The simulations of the three models overlap almost completely for heat capacity Cp(T) and enthalpy ΔH(T)DSC (Fig. 7C). In contrast, the free energy prediction of the ΘU(T)-weighted chemical equilibrium model deviates from the experimental result in the vicinity of the phase transitions (Fig. 7D). The DSC-derived free energy is zero or negative, never positive. The small positive peaks of the ΘU(T)-weighted chemical equilibrium two-state model disagree with this experimental result.
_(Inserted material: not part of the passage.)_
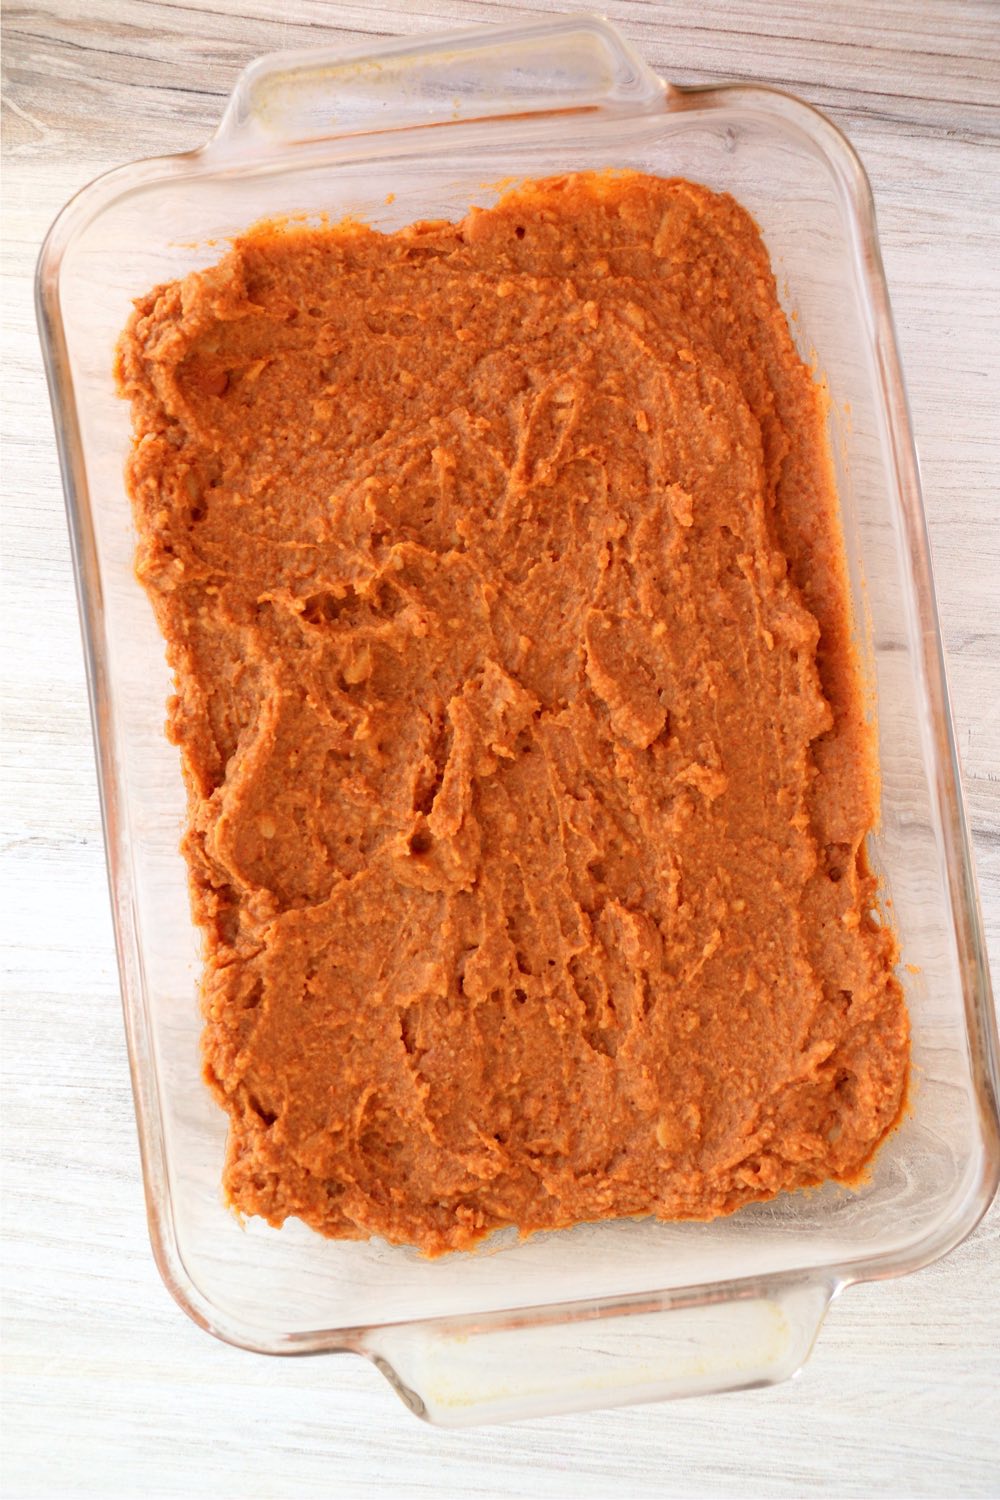 refried beans spread on the bottom of a glass dish

The total enthalpy of heat unfolding at 57°C is ΔHDSC=104 kcal/mol, but the conformational enthalpy is only ΔH0 = 5 6 kcal/mol. The large difference is presumably caused by the binding of urea molecules and is \(\Delta {H_{\Delta C_{p}^{0}}}\)~ 50 kcal/mol.
The thermodynamic data and the fit parameters for β-lactoglobulin are summarized in Table 1B and 1C for the two-state models and in Table 2 for the multistate cooperative model.